The next question that arises is how pinacidil generates NO. We tested NO production by pinacidil using a fluorometric assay kit in single cardiomyocytes. Pinacidil increased NO about twice as much as the control and pinacidil-induced NO was significantly inhibited by glibenclamide and L-NAME  (Fig. 4b). These results suggest that pinacidil may generate NO directly, or indirectly by pmKATP channel opening, and increase INCX1 by phosphorylation via PKG as a result of activation of the NO/cGMP/PKG signaling pathway.
Reactive oxygen species (ROS) enhance NCX1 function in cardiac ventricular myocytes [32–34]. Krenz et al. (2002) have reported that KATP channel opening contributed to generation of ROS in vascular smooth muscles . There may be a positive feedback relationship for ROS release by interaction between pmKATP channel and mitoKATP channel opening in cardiomyocytes. However, in our study, 30 μM pinacidil-induced INCX1 was not inhibited by 1 mM N-2-(mercaptopropionyl) glycine (MPG), an ROS scavenger, or by 5-HD  (Figs. 3c, 4a right). There are two reports that affirm these results. Pinacidil generated ROS in a concentration-dependent manner in the rabbit heart, but it took more than 30 min for pinacidil to significantly increase ROS . Holmuhamedov et al. (1998) indicated that in isolated cardiac mitochondria pinacidil acutely decreased mitochondrial membrane potential by mitoKATP channel opening in a concentration-dependent manner at a concentration of 100 μM or higher . These reports suggest that 30 μM pinacidil application for 2–3 min may not generate ROS by mitoKATP channel opening. Therefore, pinacidil-induced INCX1 is not caused by ROS and/or mitoKATP channel opening.
There are multiple isoforms of phosphodiesterases (PDEs) in cardiomyocytes that can hydrolyze cAMP and/or cGMP. Sildenafil, a PDE5 inhibitor, has specific properties such as inhibiting hydrolyzation of cGMP and increasing intracellular cGMP accumulation . In our patch-clamp study, sildenafil at 10 μM further increased 10 μM pinacidil-induced INCX1  (Fig. 4c). In the case of a low or high concentration of pinacidil, the signaling pathway that enhances NCX1 function may be different.
KATP channel openers and NO production
How is KATP channel opening involved in the production of NO? KATP channels in vascular smooth muscle cells regulate the membrane potential.

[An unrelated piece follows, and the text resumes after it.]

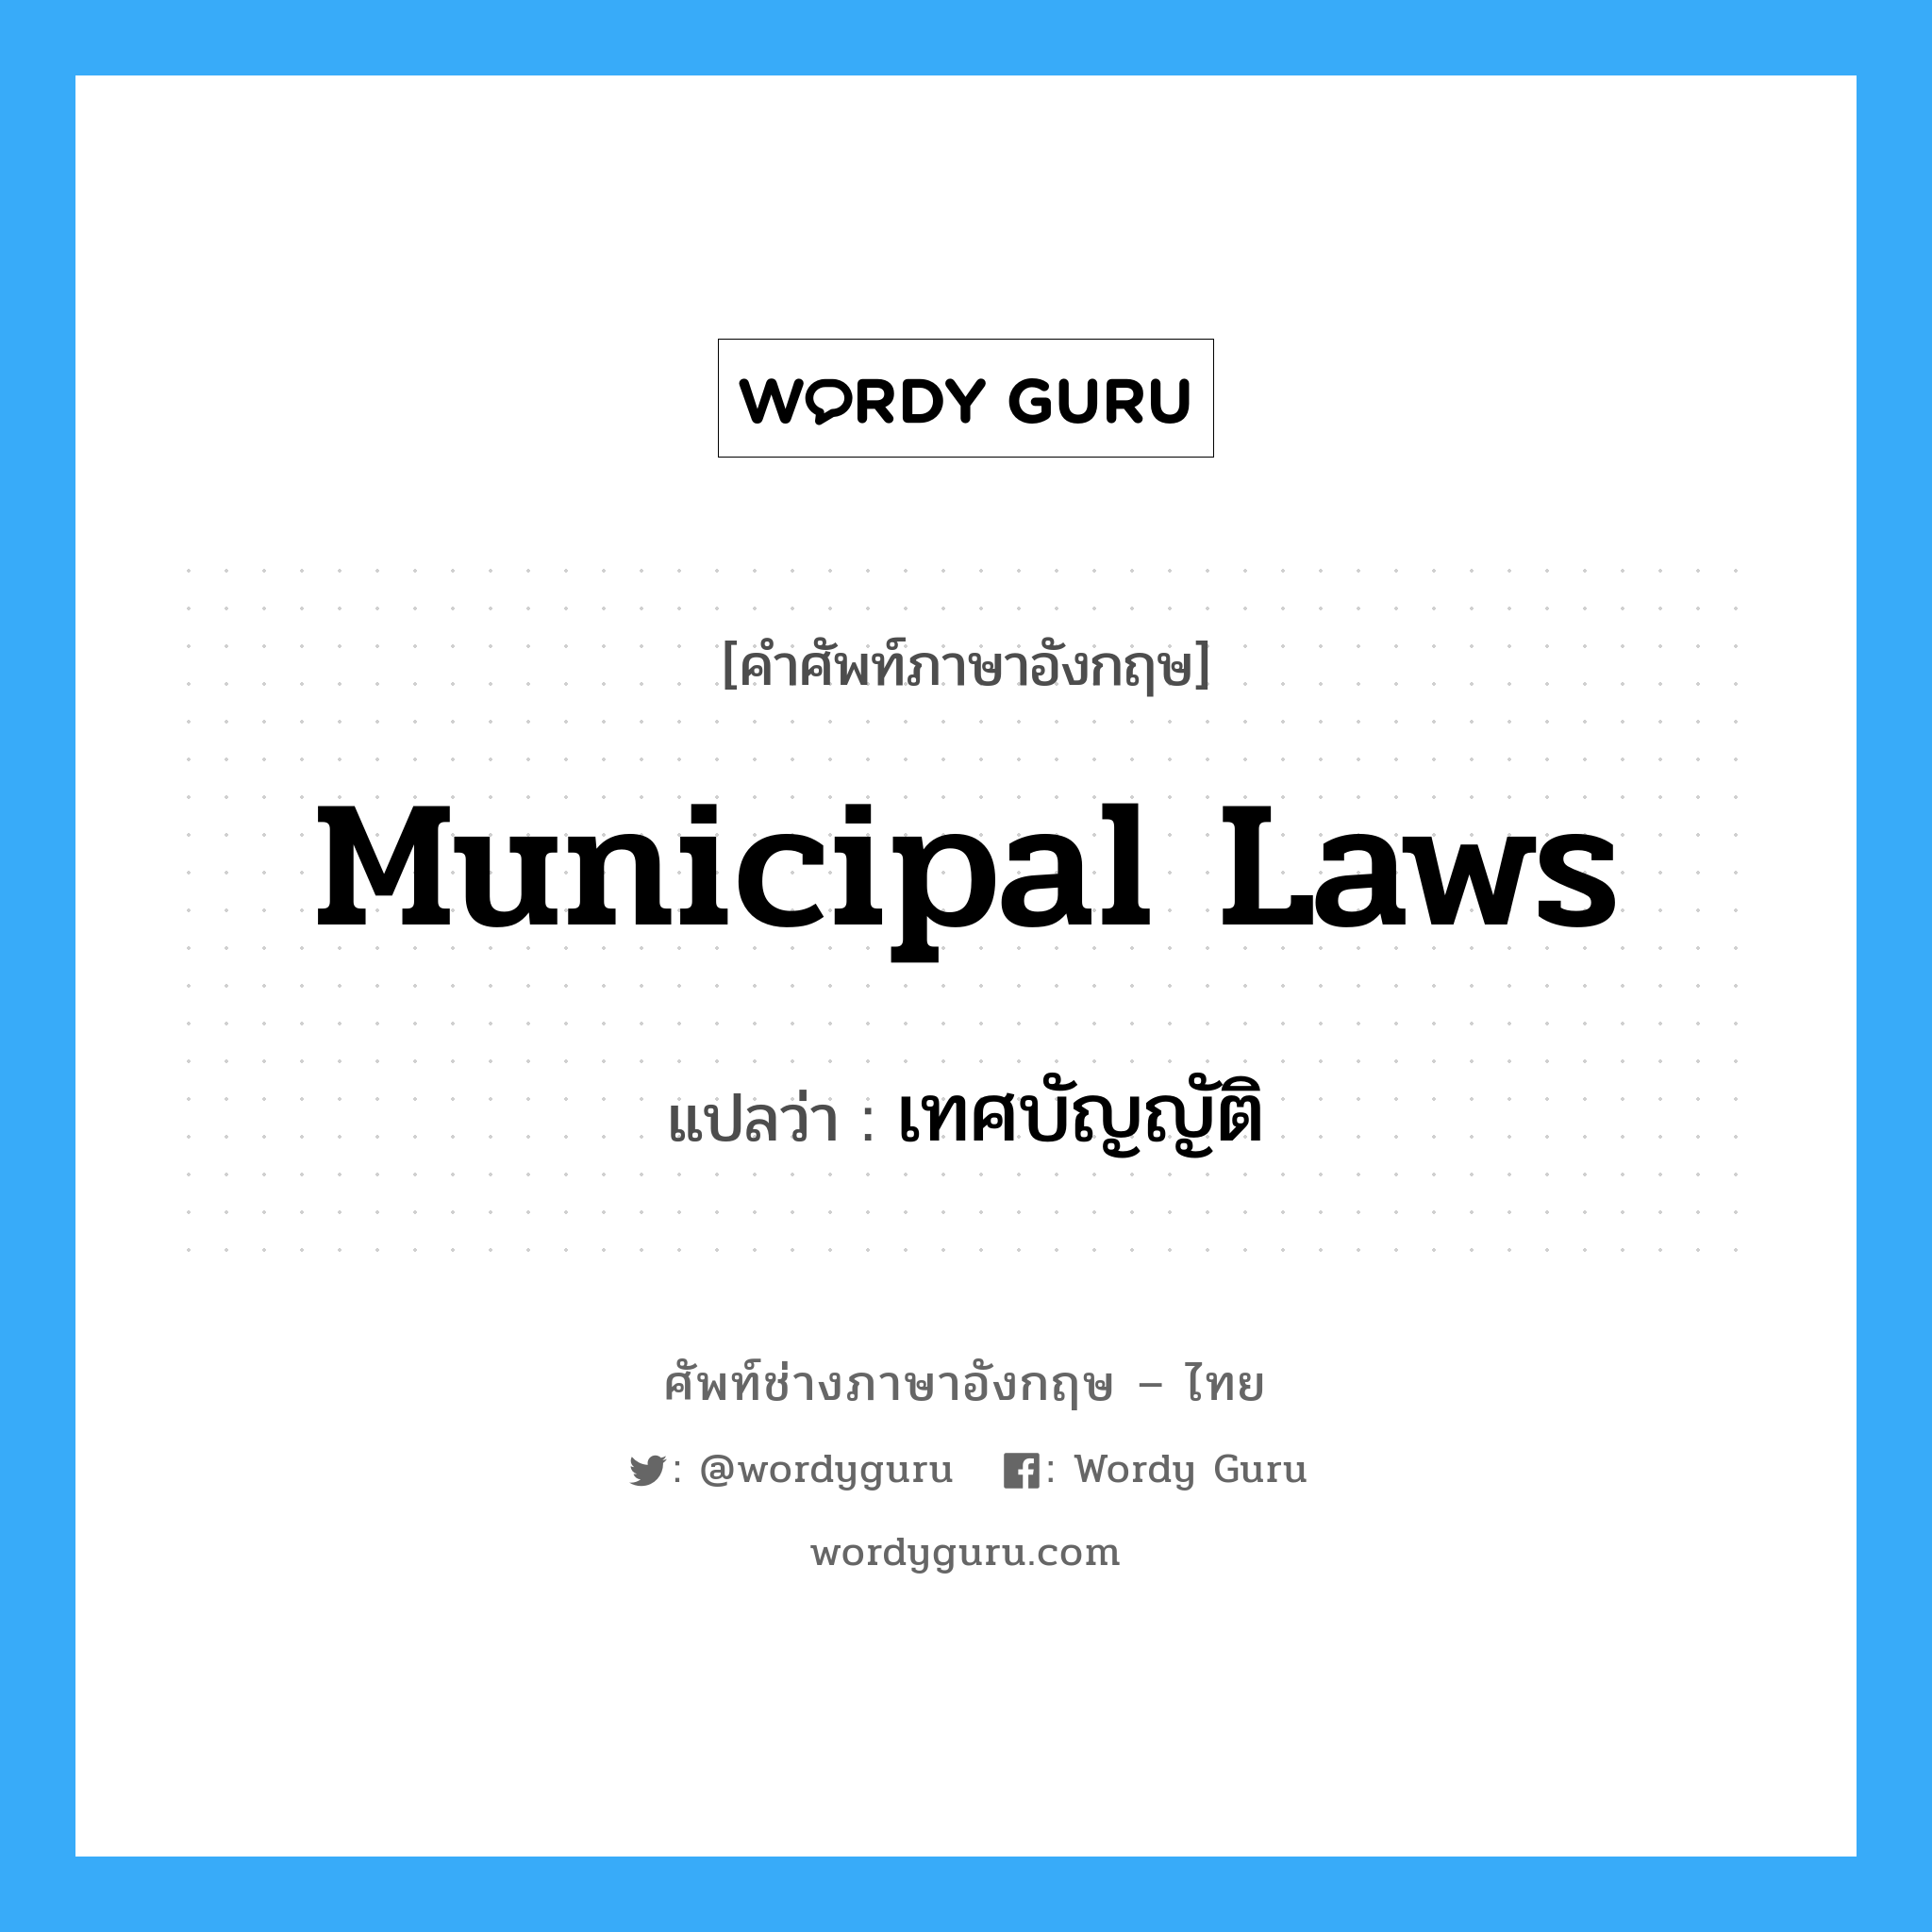 เทศบัญญัติ ภาษาอังกฤษ?, คำศัพท์ช่างภาษาอังกฤษ - ไทย เทศบัญญัติ คำศัพท์ภาษาอังกฤษ เทศบัญญัติ แปลว่า Municipal Laws

Opening of smooth muscle KATP channels by KATP channel openers causes membrane hyperpolarization. The opening of KATP channels in the endothelium may elevate intracellular Ca2+ concentration, which stimulates the secretion of vasoactive factors via NOS activation . NO release was dependent on the activation of endothelial KATP channels in the pig endocardial artery . Recently, it was reported in endothelial colony-forming cells that the KATP channel openers nicorandil and iptakalim led to Ca2+ influx and activation of CaMKII, with increased phosphorylation levels of CaMKII, eNOS, and Akt, while these phosphorylations were abolished by glibenclamide . These results suggest that intracellular Ca2+ increase may contribute to the opening of KATP channels, but this concept is still controversial. Katakam et al. (2015) indicated for the first time that diazoxide, a mitoKATP channel opener, depolarized mitochondria and increased [Ca2+]i in cultured neurons . Diazoxide thus increased nNOS phosphorylation and increased NO production. Our study suggests that nicorandil, a hybrid KATP channel opener, increases INCX1 though the cGMP/PKG signaling pathway. Since the pinacidil-induced NO increase was inhibited by glibenclamide and L-NAME in a fluorometric assay, pinacidil may directly or indirectly generate NO  (Fig. 4b). From these results, we proposed that pinacidil, which does not possess nitrate-like activity, increases INCX1 though the NO/cGMP/PKG signaling pathway.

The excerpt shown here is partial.